The firms would be offered ‘participating interest’ under the existing production sharing norms. The producing blocks are mature and in need of technical assistance to make hydrocarbon flow from them. This is why GSPC wants to farm out to partners who could bring technical expertise, said another official. The final decisions of the partners would be decided by way of bidding and are likely to be finalised by December. GSPC has roped in consultancy firm EY for the job. This partnership is in addition to one where central government-owned ONGC and GSPC have signed an initial pact that would pave the way for ONGC buying a majority stake in the latter’s 1,850 square km KG Basin offshore block, KG-OSN-2001/3.

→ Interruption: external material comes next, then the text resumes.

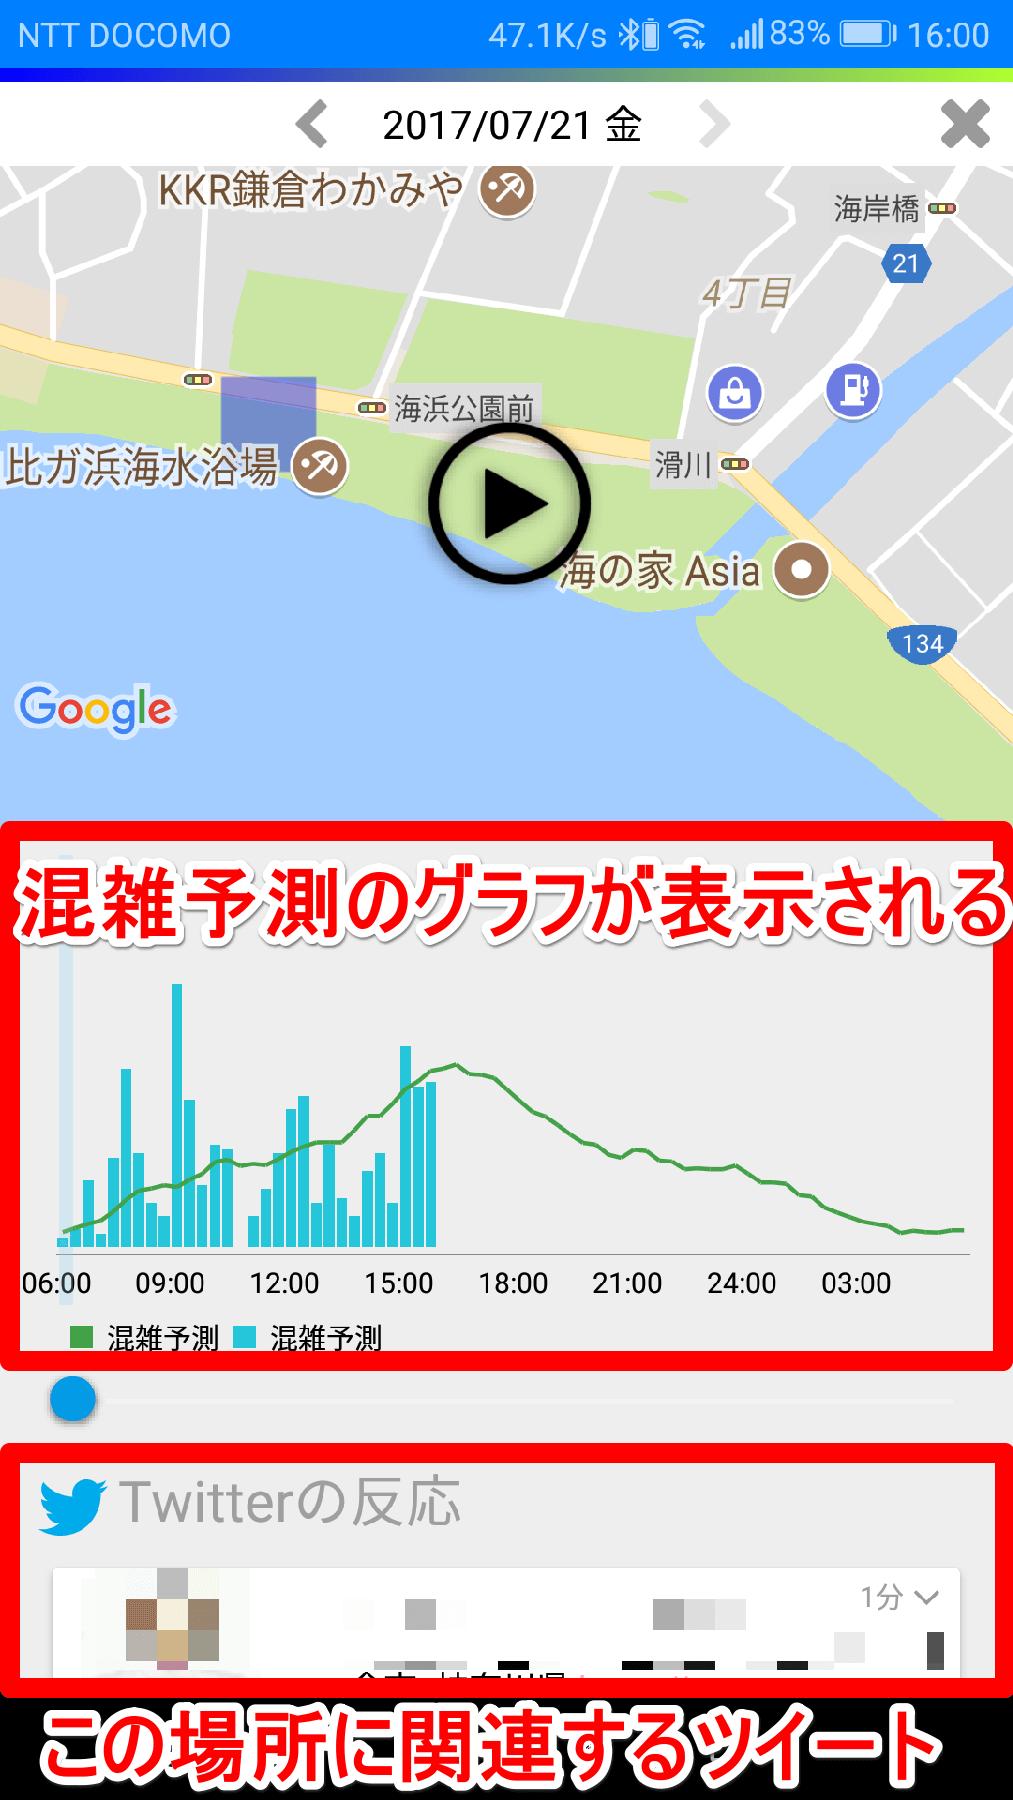 [混雑マップ]アプリで混雑予測のグラフを表示した画面

In FY16, GSPC reported total revenues of Rs 107.2497 billion, on which it recorded a loss before tax of Rs.8.75 billion and net loss of Rs 8.0442 billion. The loss was because of adverse impact on profitability due to writing off exploration cost, impairment of producing properties due to lower oil and gas price. Of the producing GSPC-operated blocks in FY16, the Ingoli and Sanand East field of Ahmedabad block were producing 725-750 barrels of oil per day (bopd); 200-250 bopd and 25,000-30000 cubic metres of gas per day was produced from the Tarapur block. In the case of non-operator blocks of GSPC in FY16, Karannagar, Vadtal, Dholasan, Allora, Kanawara, North Karhana, Hazira and Dabka were producing hydrocarbon.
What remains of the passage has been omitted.